WORK TASK:
Pictures in the records below must be left out. Return exactly the lines from the line with "Sword Art Online: Fatal" to the line with "Masonic Village Pharmacy", both included.

RECORDS TO USE:
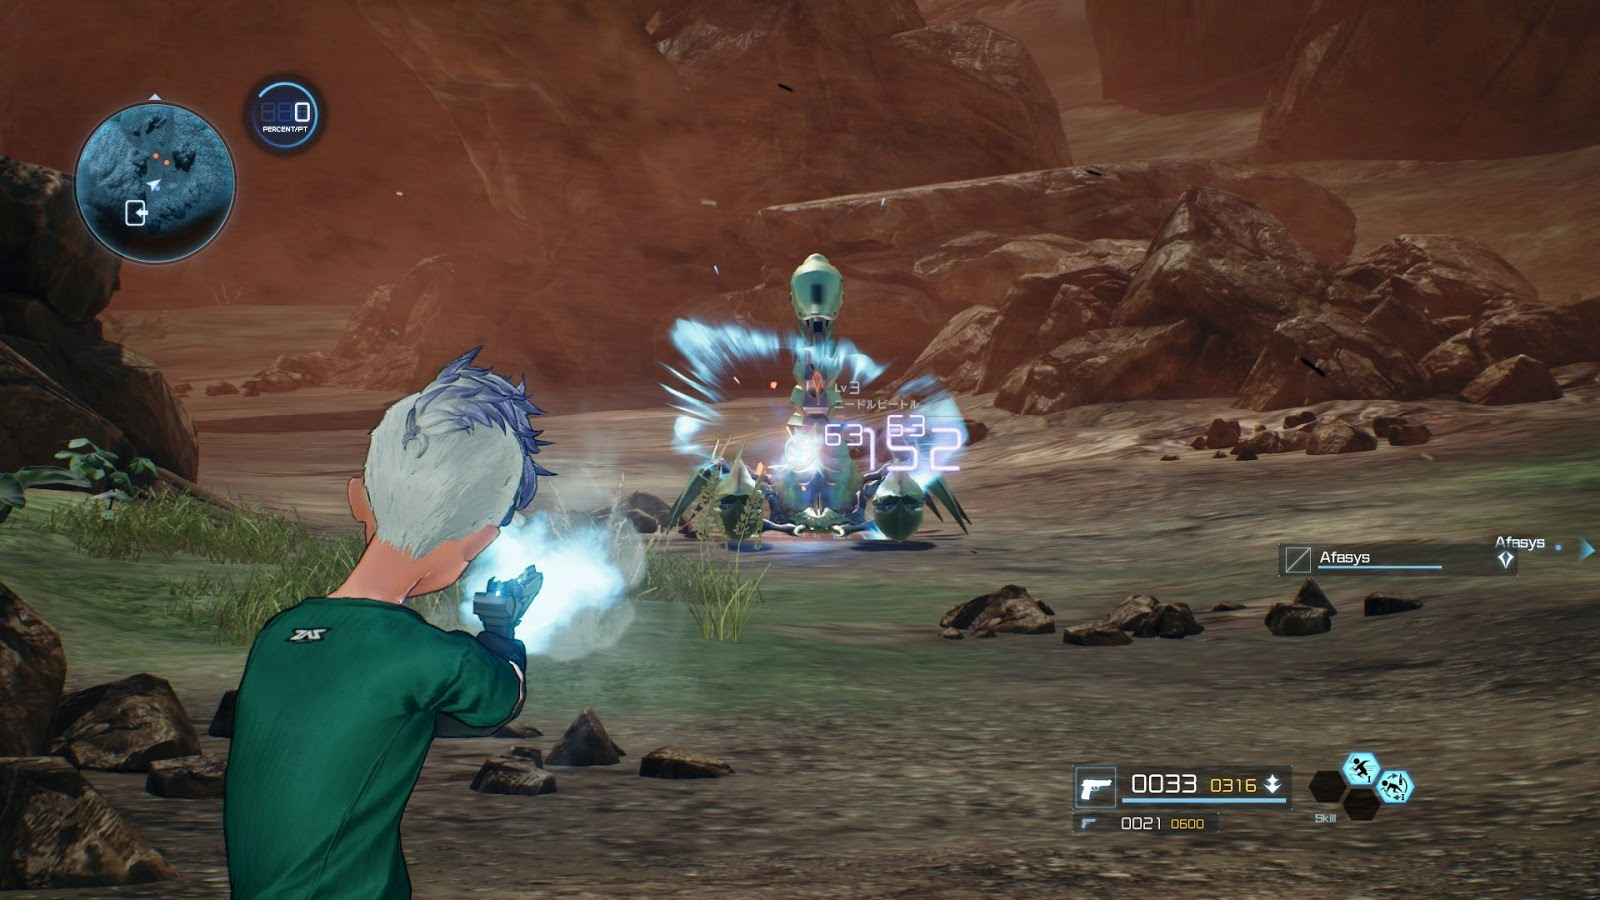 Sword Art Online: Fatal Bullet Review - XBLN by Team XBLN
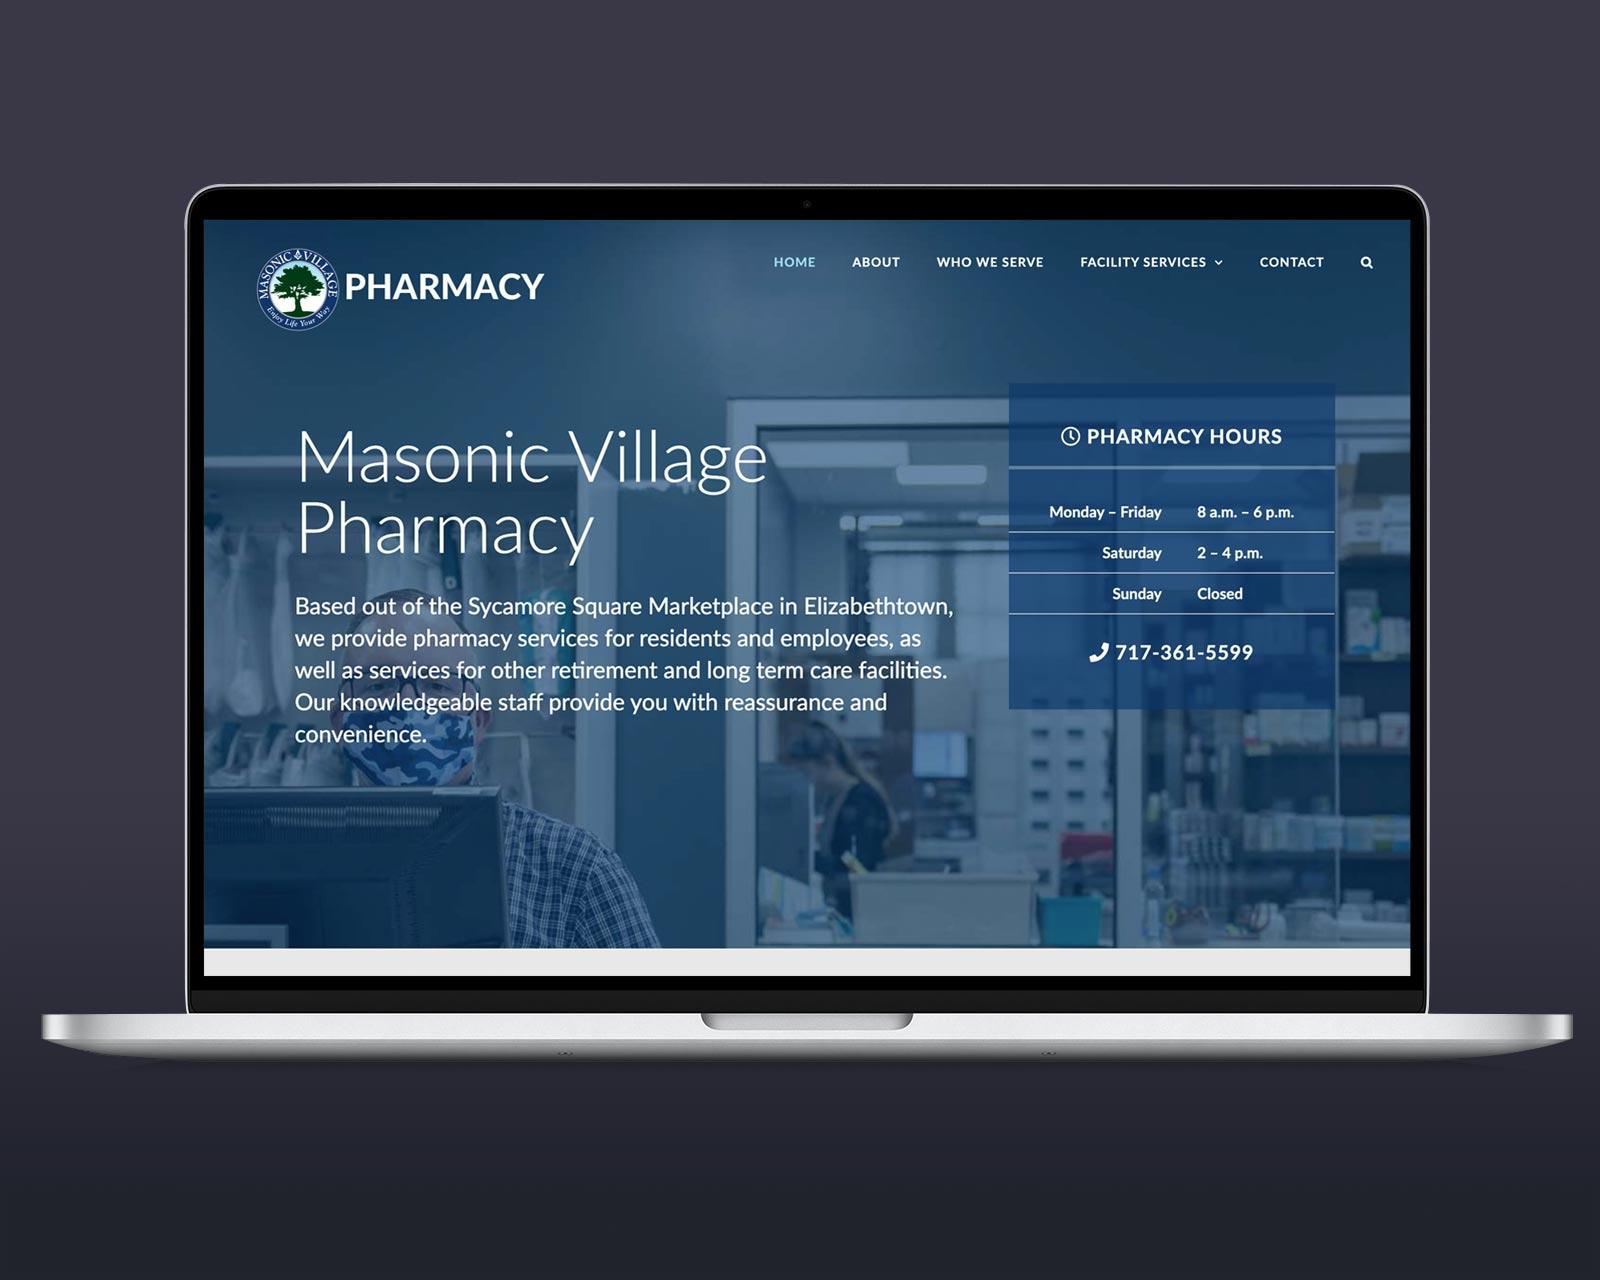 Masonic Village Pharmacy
* * *
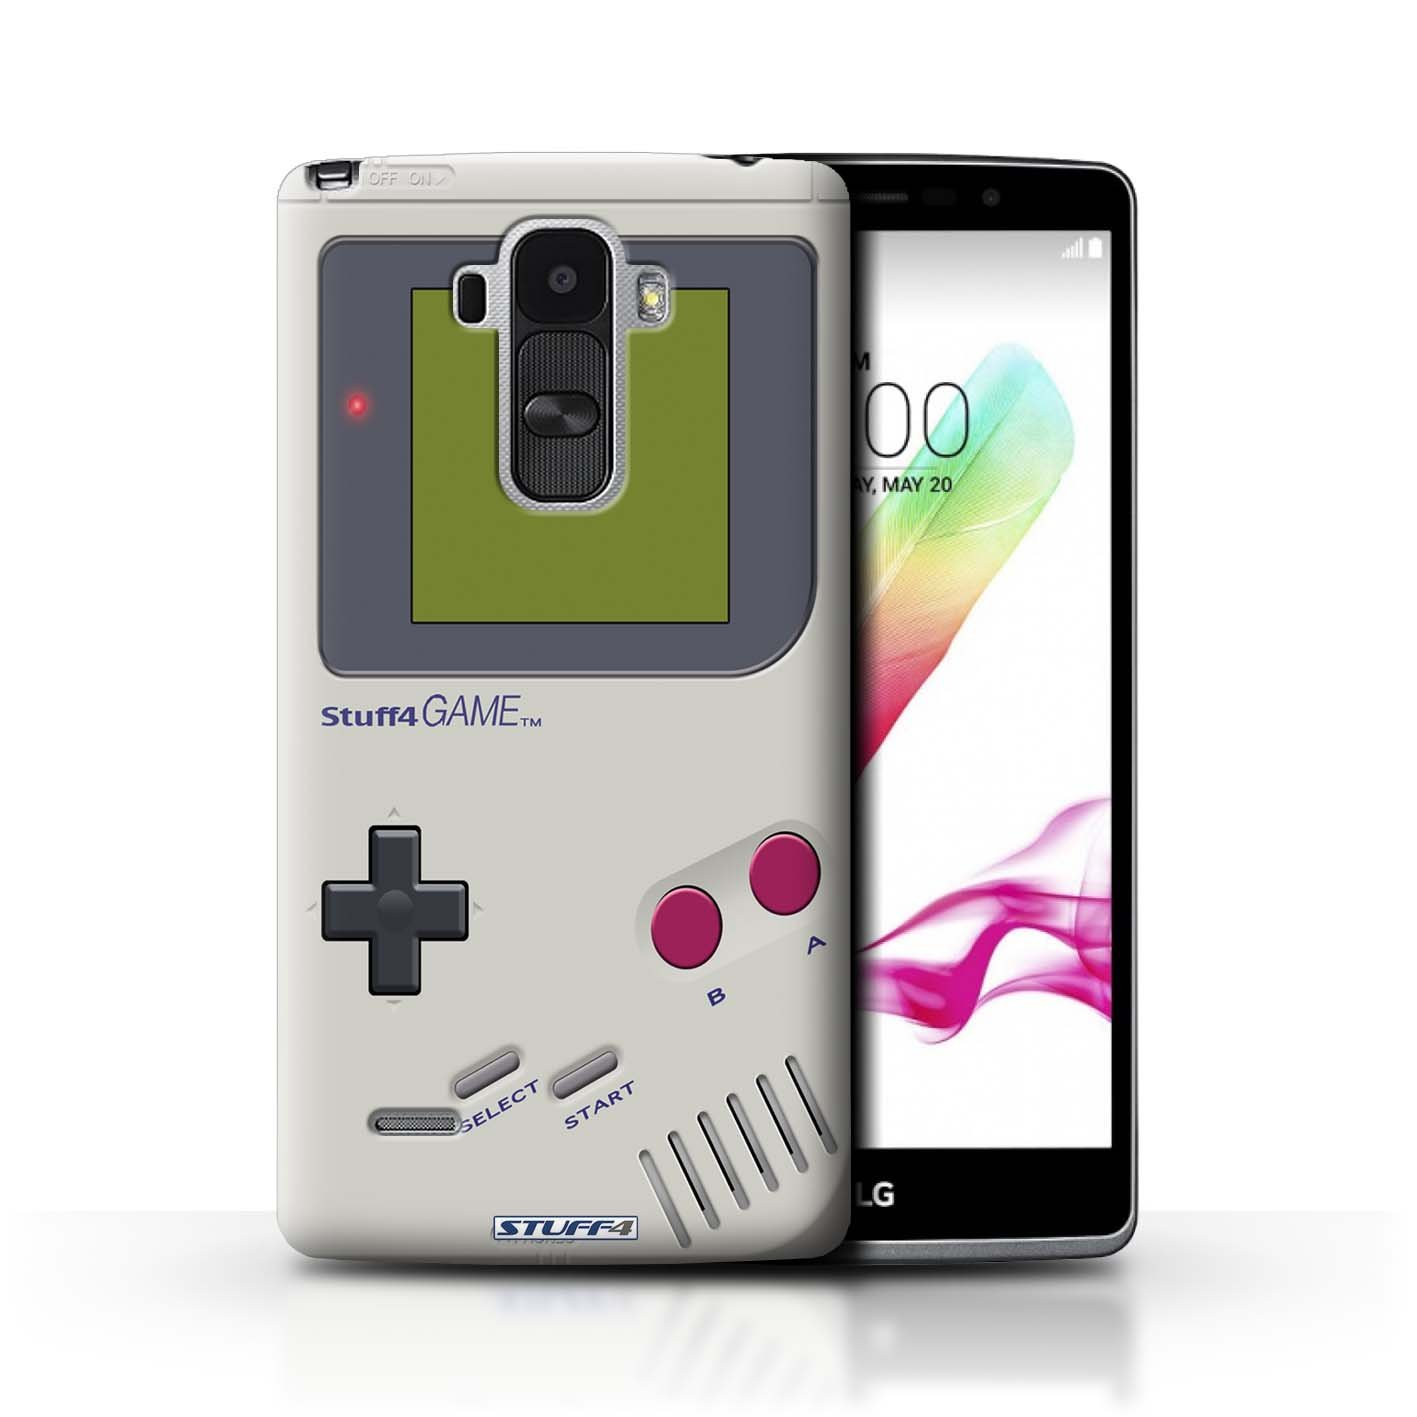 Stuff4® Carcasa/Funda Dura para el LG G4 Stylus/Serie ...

ANSWER FOR THE TASK:
 Sword Art Online: Fatal Bullet Review - XBLN by Team XBLN
 Masonic Village Pharmacy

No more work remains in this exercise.